Глава девятая. «МОЗГИ НА ЩУПАЛЬЦАХ»


   Холл виллы был просторным двухсветным залом с прозрачным сводом. Внутренние галереи второго и третьего этажей изнутри охватывали холл. Широкая мраморная лестница разделялась на втором этаже надвое. Внизу по обе ее стороны стояли беломраморные статуи Афродиты и Дианы.
   Пол был устлан дорогими коврами. Бесценные вазы, японские, китайские, индийские, стояли вперемежку с разностильной мебелью и говорили скорее о расточительности, чем о вкусе. И все это в чрезмерном количестве. Гигантский холл при всей его претенциозности чем-то напоминал типичный для Америки универсальный магазин, и все, что находилось в нем, казалось выставленным на продажу.
   Белый концертный рояль «Стейнвей» стоял особняком, выделяясь неожиданным пятном.
   Доктор Стилл уже приготовил его для артиста, поднял крышку, напоминающую крыло огромной белоснежной птицы.
   Анисимов уселся в мягкое кресло, нежно обнявшее его со всех сторон.
   Несмотря ни на что, он готов был слушать музыку и не позволял себе упасть духом.
   Оба же его товарища по заключению после «обеда с выстрелами» пребывали в подавленном состоянии.
   — Однако вы, сэр, с характером, — не то с восхищением, не то с укором заметил Анисимову профессор О'Скара, когда они вставали из-за стола, отведав наскоро приготовленных овощных блюд.
   Солнце. уже не заглядывало через узкие и высокие, как в средневековом замке, окна. В восточных небо приобрело фиолетовый оттенок, а в противоположных — отражало закатную зарю.
   — Что-то запаздывает наш артист, — сказал профессор О'Скара, вставая. — Пойду сообщу ему о сегодняшнем аншлаге.
   И, солидно шагая, благообразный, но понурый, он удалился в боковую дверь.

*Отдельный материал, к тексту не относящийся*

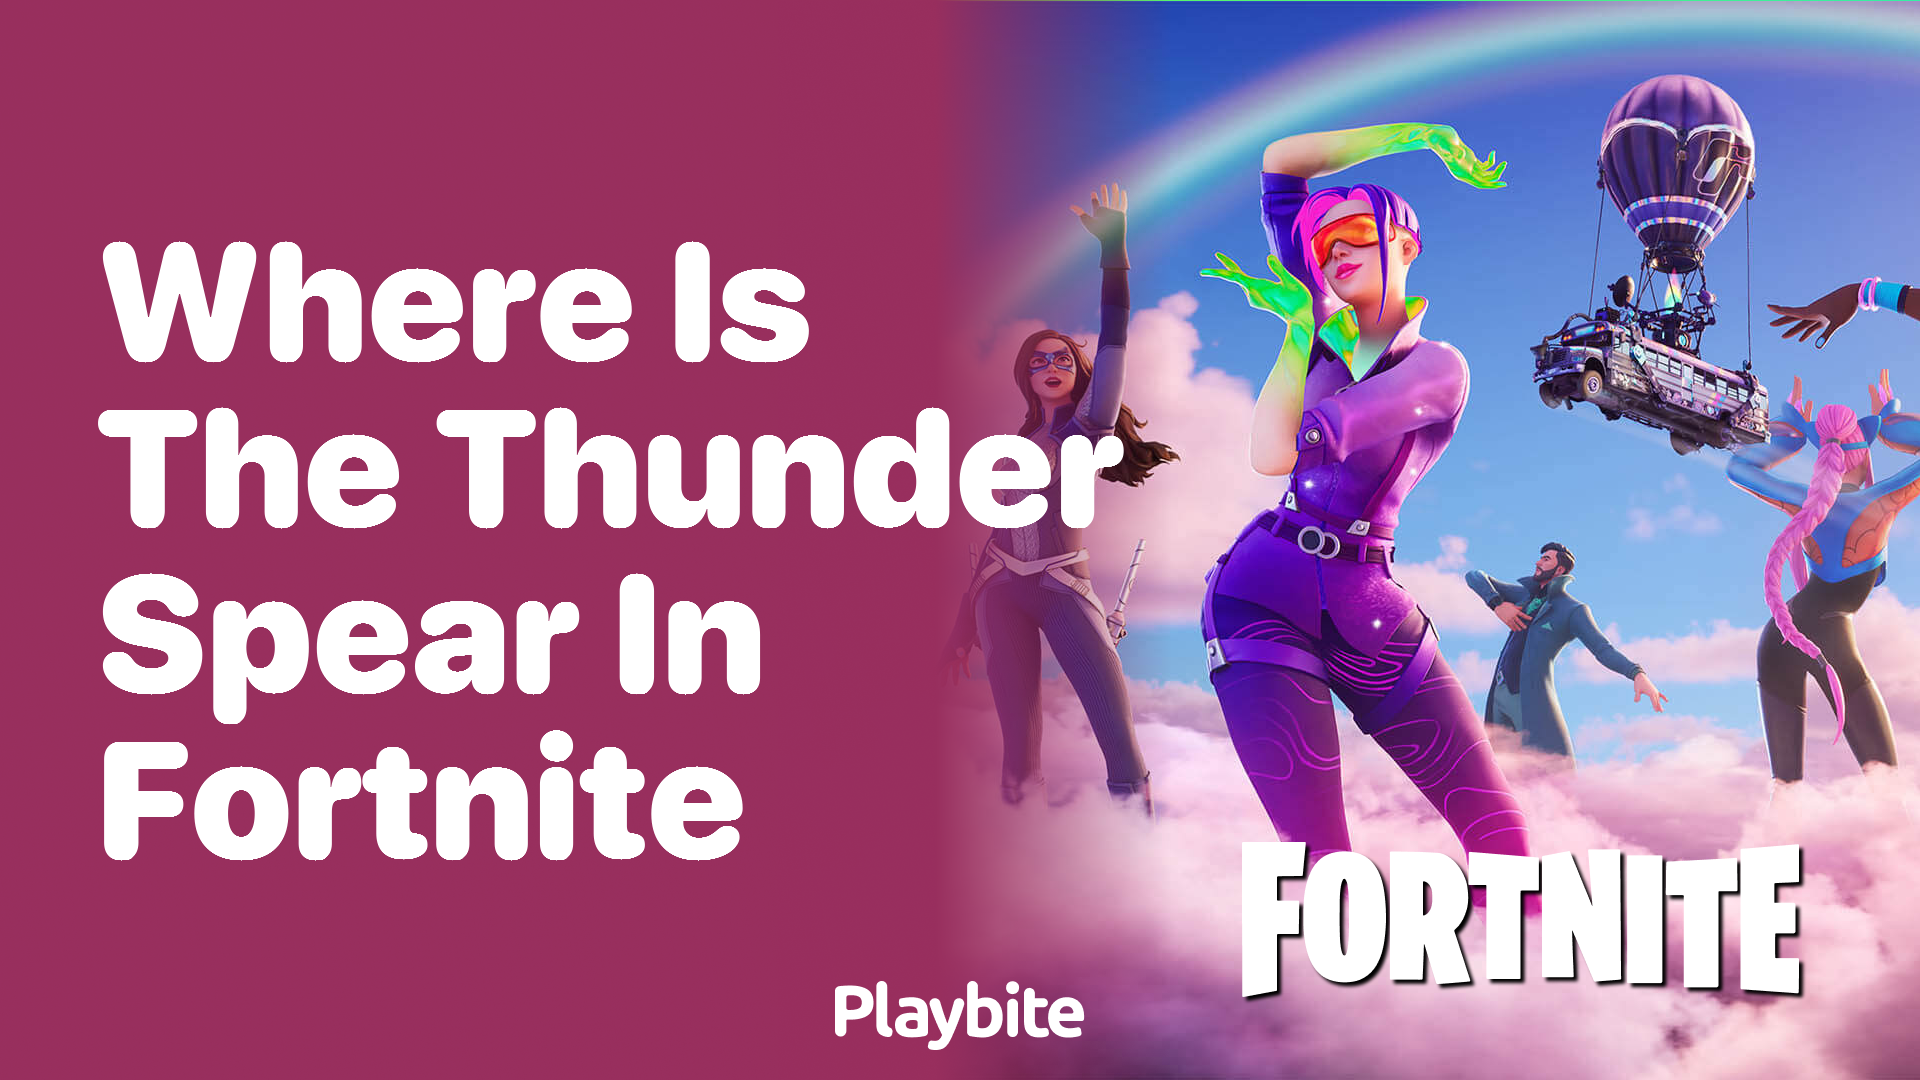 Where is the Thunder Spear in Fortnite? Find Out Here!

   Ждали его долго. Доктор Стилл нещадно курил сигарету за сигаретой, обдавая Анисимова табачным дымом. Николай Алексеевич старался не морщиться. Оба молчали.
   Наконец появился О'Скара, медлительный, даже чуть торжественный.
   — Увы, джентльмены, — сказал он, опускаясь в кресло. — Концерт, очевидно, не состоится.
   — Отчего же? — огорчился Анисимов.
   — Наш виртуоз «перебрал», как сказал бы сам об этом, если бы мог говорить. Он находится в весьма плачевном состоянии. И даже потерял свой автомат.
   — Что? — вскричал Стилл. — Где автомат?
   — Я нашел его на пороге спальни Джо, поднял и…
   — Где же он? Где? — вскочил Стилл, глаза его лихорадочно блестели.
   — Я положил оружие под подушку Джо. Хорошо, Гарри не заметил. Он пристрелил бы беднягу.
   — Гангстер — бедняга! А мы? Не понимаю вас, профессор, — возмутился Стилл, с размаху снова опускаясь в кресло. — Вы отказались от оружия, которое могло вернуть нам свободу! Вы умалишенный!
   — Не горячитесь, доктор Стилл. Я не мог взять оружие, ибо это повлекло бы кровопролитие, что противно божьей воле.
   — А держать нас — это с ведома господа бога?
   — Доктор Стилл, я уважаю ваши убеждения и рассчитываю на то же с вашей стороны.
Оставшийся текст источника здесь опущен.